As an active voter getting ready for the New Hampshire primary, I’m almost ready to throw my support behind Pete Buttigieg. Still, I must admit that I have one remaining reservation about voting for this young man: plain and simple, I don’t like that Mayor Pete has a husband. I think that it is a slap in the face to voters with true American views and values like mine. And why is that? It’s because I should have the freedom to fuck Pete Buttigieg myself.
I want a good old fashioned roll in the hay with the sexy hunk of Indiana man-meat that is Peter Paul Montgomery Buttigieg. The man is the perfect package – or rather, the man has a perfect package, one that I want to see tastefully bulging out of his suit as he’s sworn in as our 46th president. Look, if we’re going to have a gay president, I want it to be one I can fantasize about (South) bending over the Resolute desk in the Oval Office without violating a beautiful marriage.

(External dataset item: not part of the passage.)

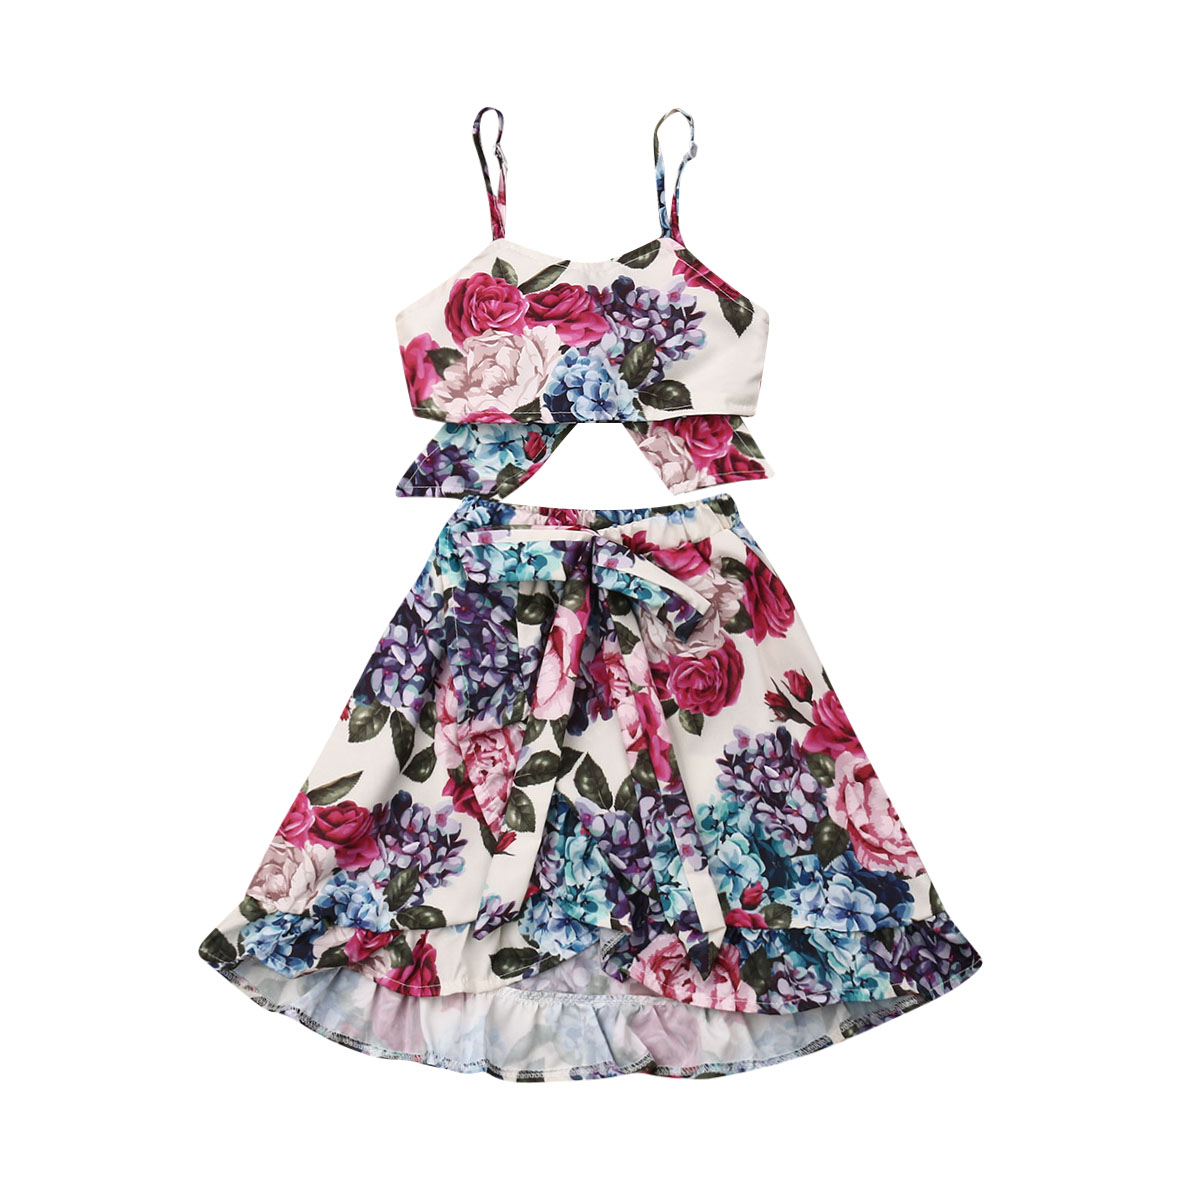 Toddler Baby Girls Floral Boho Skirt Sets Summer Outfit Ruffle Tank Top Irregular Maxi Dress Beach Dresses Clothes

My other main issue with Pete is that, in reality, I am fully in love with his husband Chasten. I want nothing more than to own a Vermont bed and breakfast with that cutie-pie. I want to die in Chasten Buttigieg’s arms, and I spend every day in pain knowing that Pete has already scooped him up – that selfish, sexy son of a bitch.
Bottom line: I think that Pete is young, energetic, intelligent, and exactly the kind of sex symbol the White House needs right now. But if Mayor Pete wants my vote for president, he needs to get divorced.